■ EXERCISE DIRECTIONS
Reproduce each line of the material exactly, minus any picture.

■ MATERIAL PROVIDED
#####
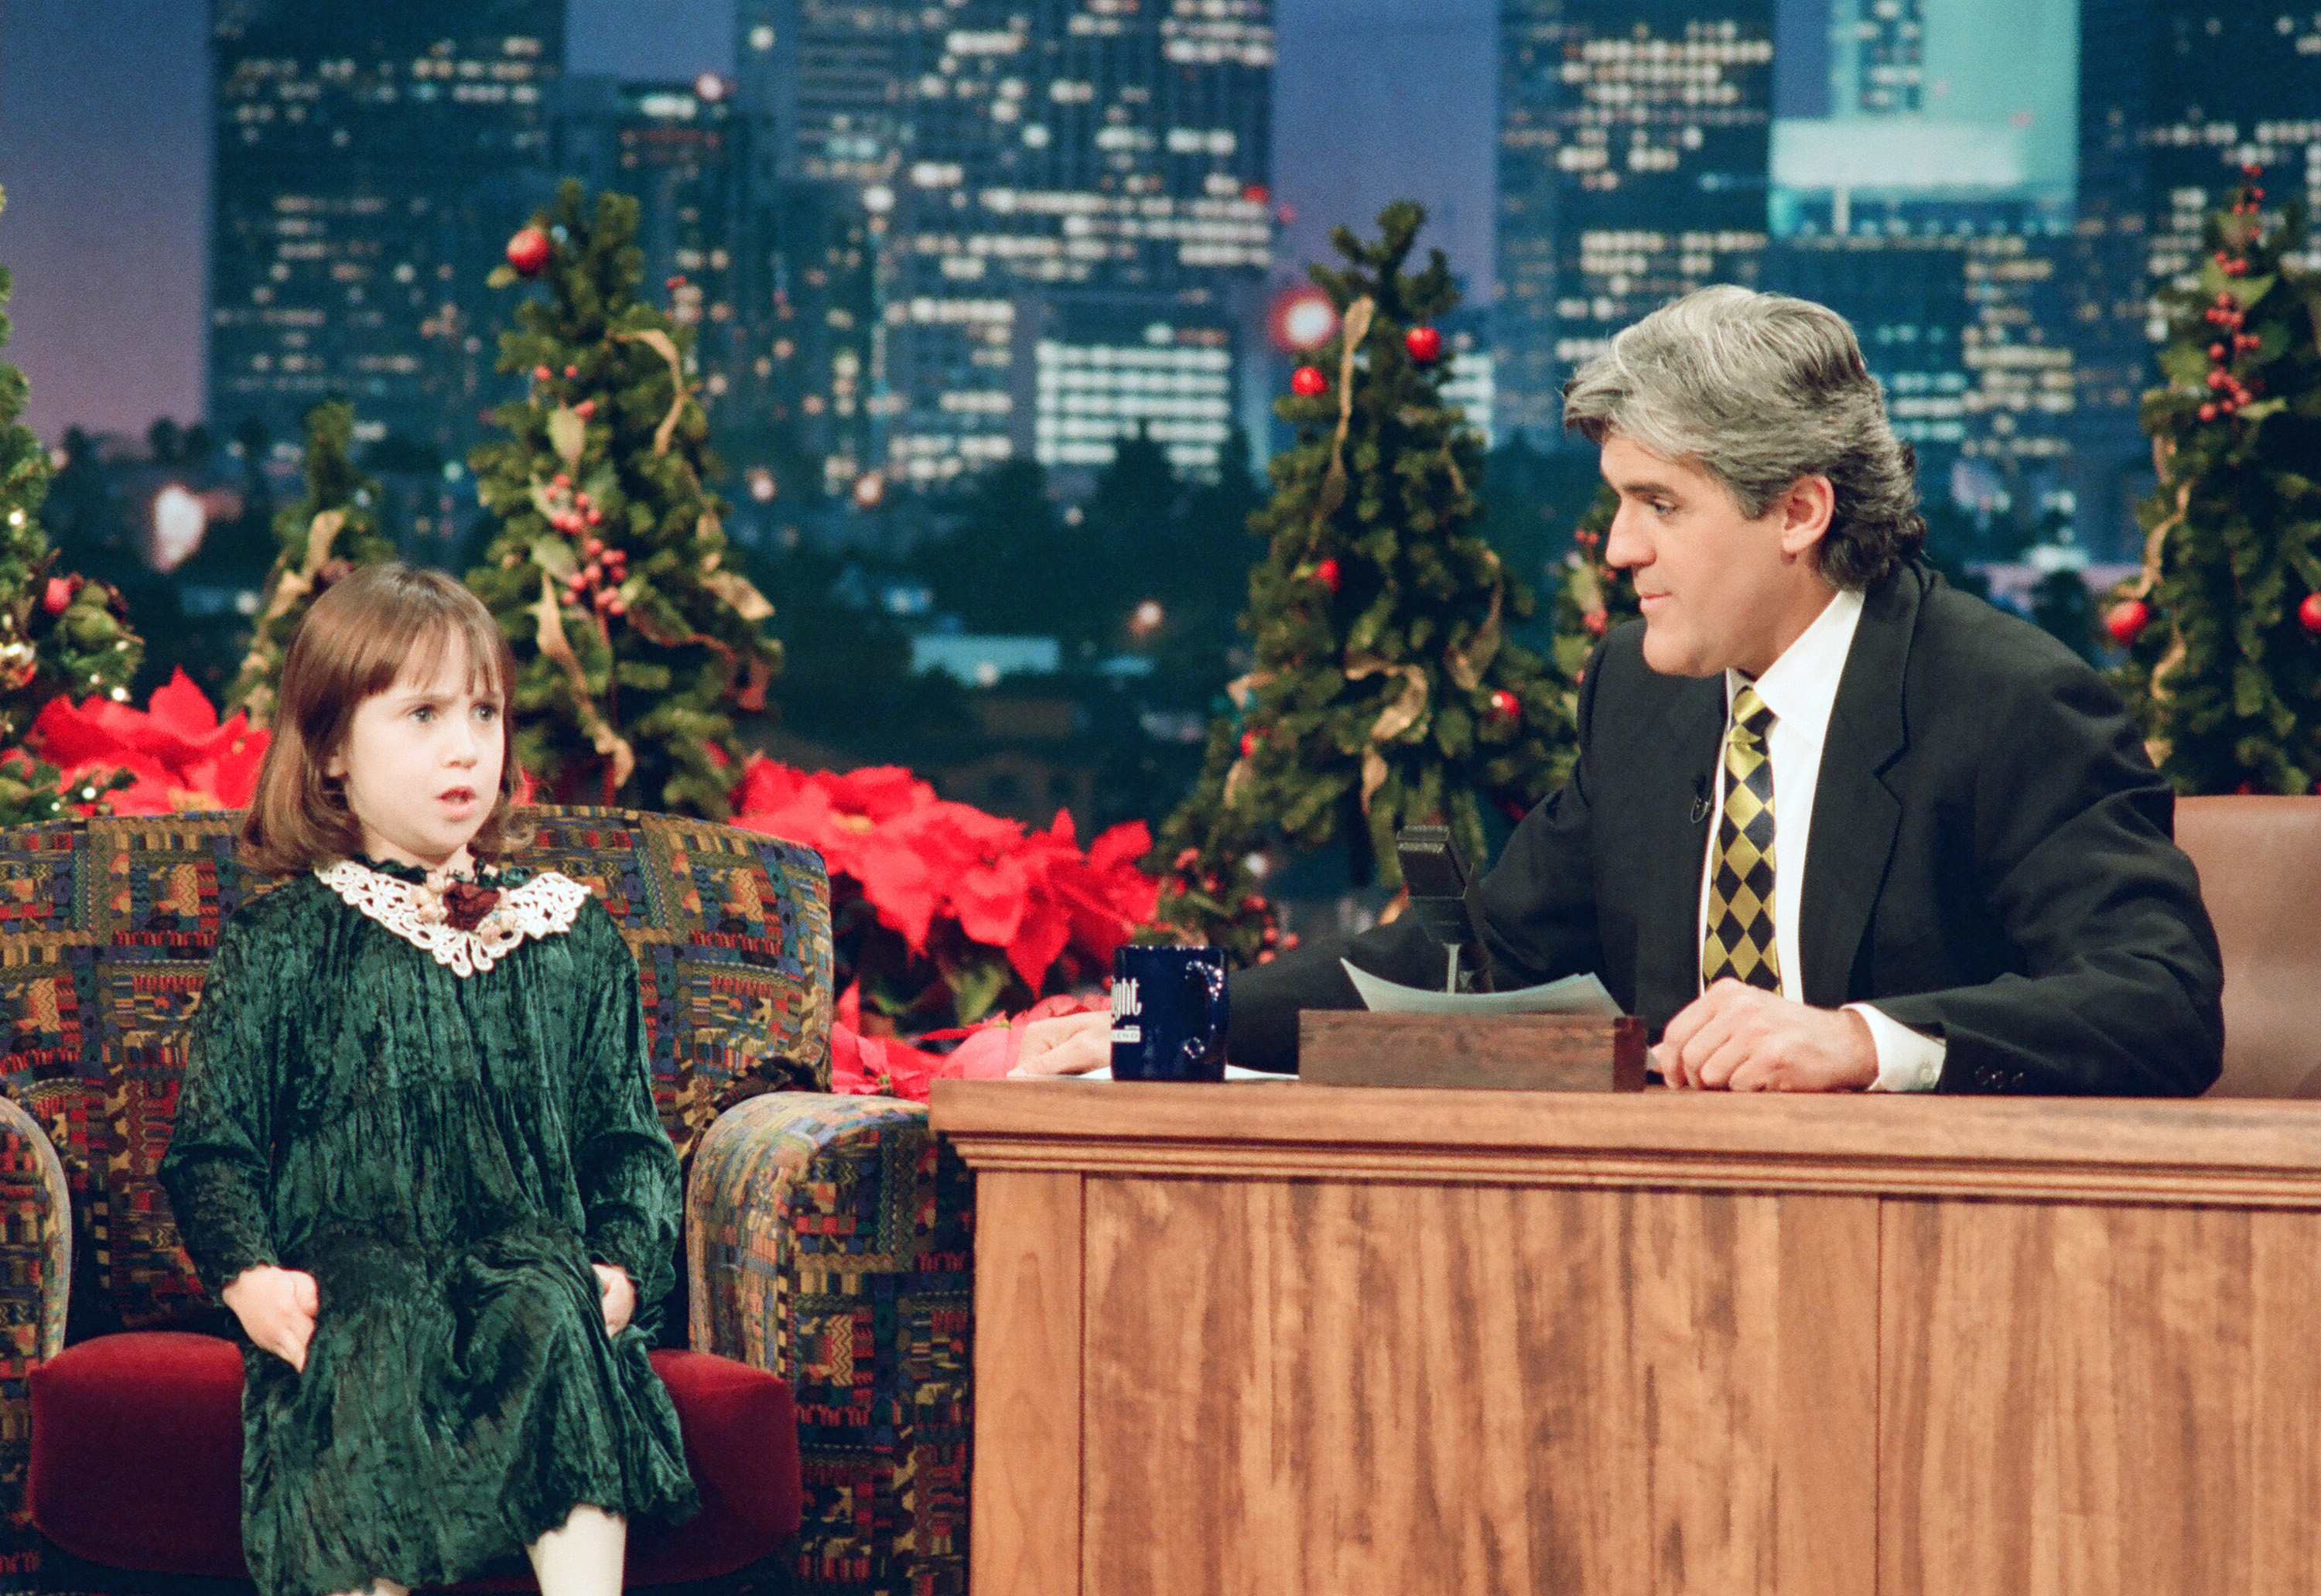 Mara Wilson during an interview on "The Tonight Show with Jay Leno" on December 13, 1994  | Source: Getty Images
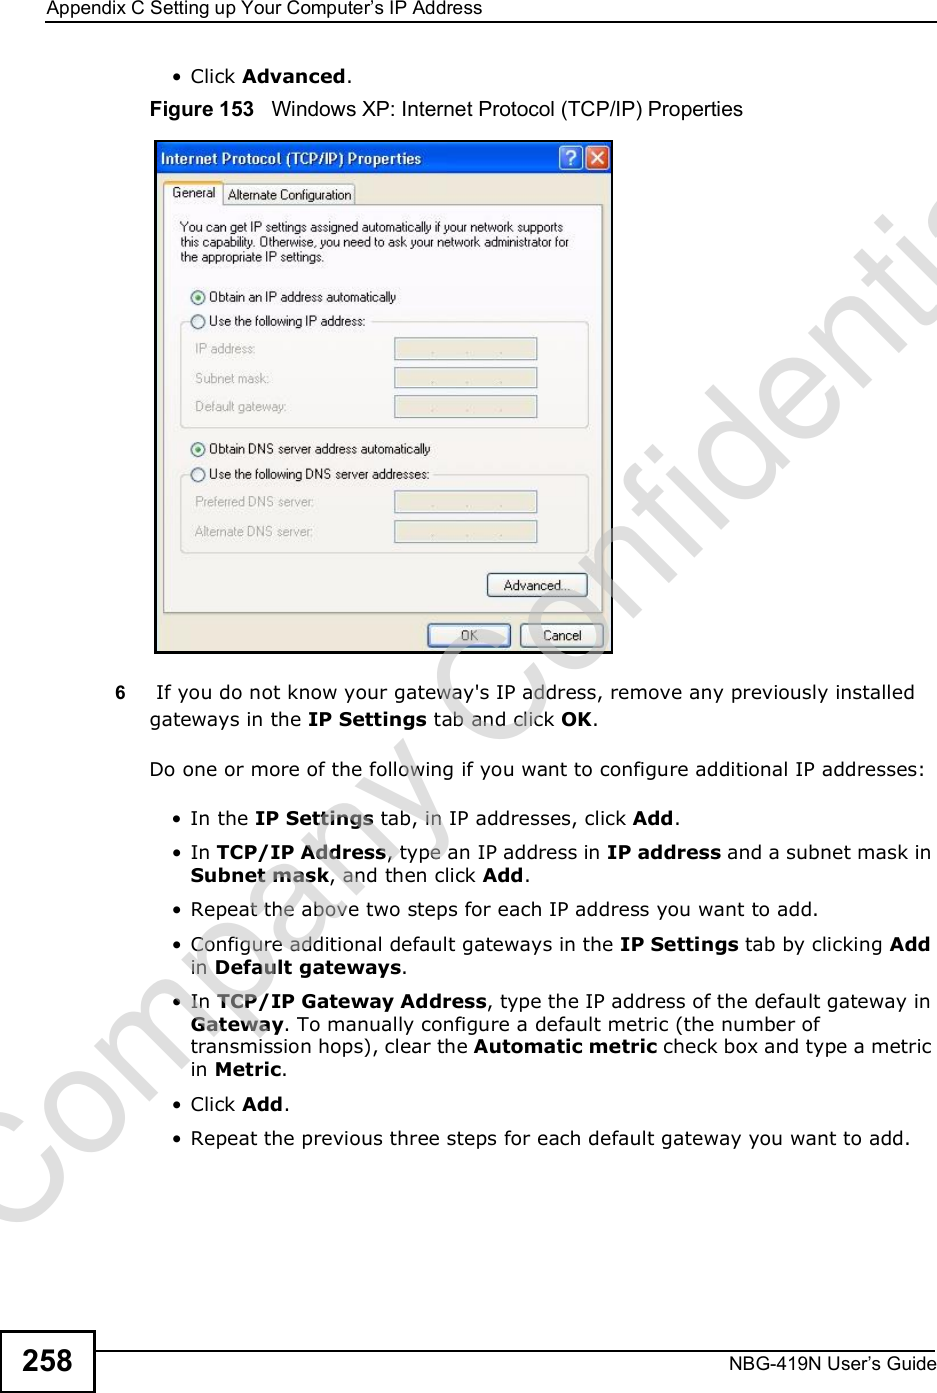 Appendix CSetting up Your Computer s IP AddressNBG-419N User s Guide258 Click Advanced.Figure 153   Windows XP: Internet Protocol (TCP/IP) Properties6 If you do not know your gateway&apos;s IP address, remove any previously installed gateways in the IP Settings tab and click OK.Do one or more of the following if you want to configure additional IP addresses: In the IP Settings tab, in IP addresses, click Add. In TCP/IP Address, type an IP address in IP address and a subnet mask in Subnet mask, and then click Add. Repeat the above two steps for each IP address you want to add. Configure additional default gateways in the IP Settings tab by clicking Add in Default gateways. In TCP/IP Gateway Address, type the IP address of the default gateway in Gateway. To manually configure a default metric (the number of transmission hops), clear the Automatic metric check box and type a metric in Metric. Click Add.  Repeat the previous three steps for each default gateway you want to add.Company Confidential
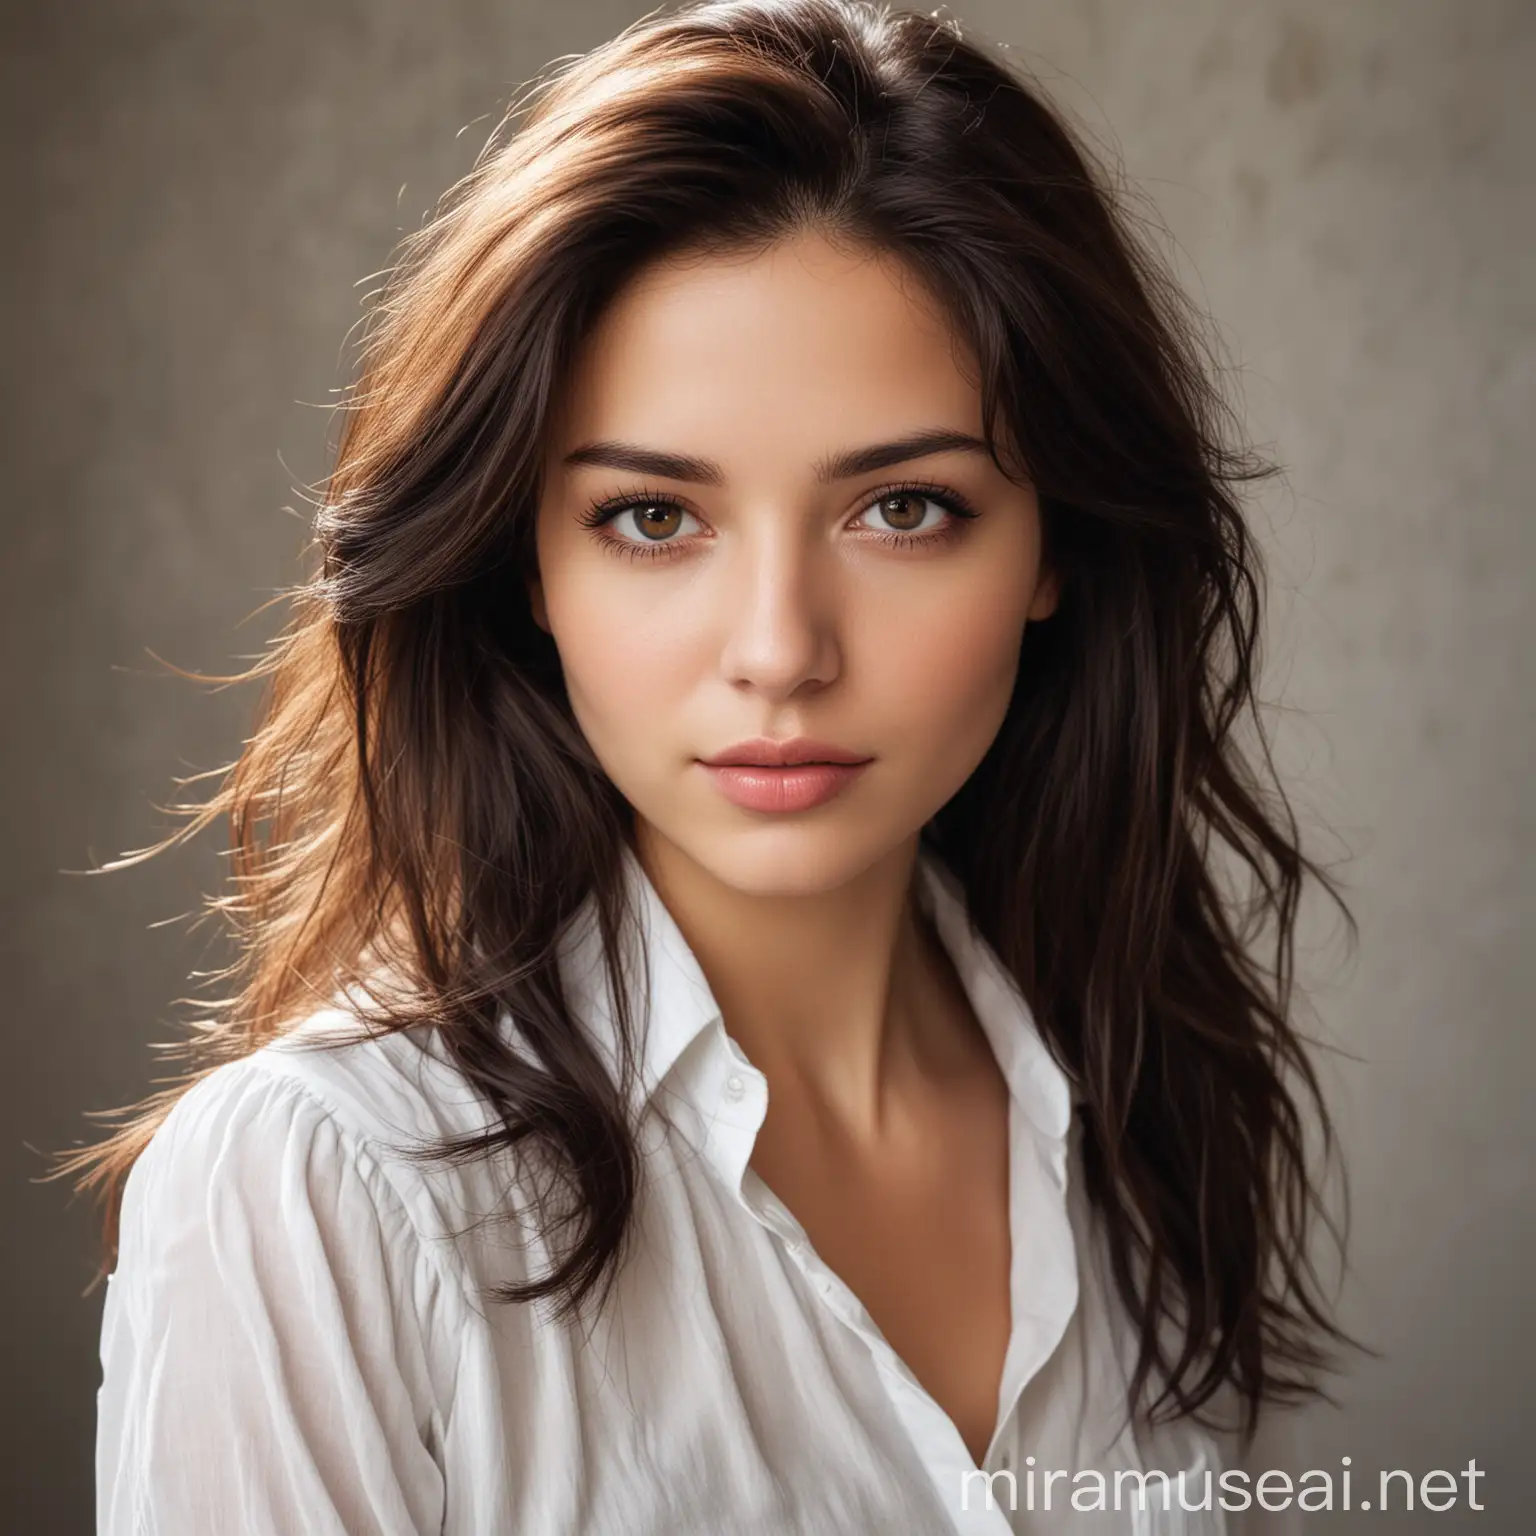 Elegant Woman with Dark Brown Hair and White Blouse in Radiant Light
#####
■ EXERCISE SOLUTION
 Mara Wilson during an interview on "The Tonight Show with Jay Leno" on December 13, 1994  | Source: Getty Images
 Appendix CSetting up Your Computer s IP AddressNBG-419N User s Guide258 Click Advanced.Figure 153   Windows XP: Internet Protocol (TCP/IP) Properties6 If you do not know your gateway&apos;s IP address, remove any previously installed gateways in the IP Settings tab and click OK.Do one or more of the following if you want to configure additional IP addresses: In the IP Settings tab, in IP addresses, click Add. In TCP/IP Address, type an IP address in IP address and a subnet mask in Subnet mask, and then click Add. Repeat the above two steps for each IP address you want to add. Configure additional default gateways in the IP Settings tab by clicking Add in Default gateways. In TCP/IP Gateway Address, type the IP address of the default gateway in Gateway. To manually configure a default metric (the number of transmission hops), clear the Automatic metric check box and type a metric in Metric. Click Add.  Repeat the previous three steps for each default gateway you want to add.Company Confidential
 Elegant Woman with Dark Brown Hair and White Blouse in Radiant Light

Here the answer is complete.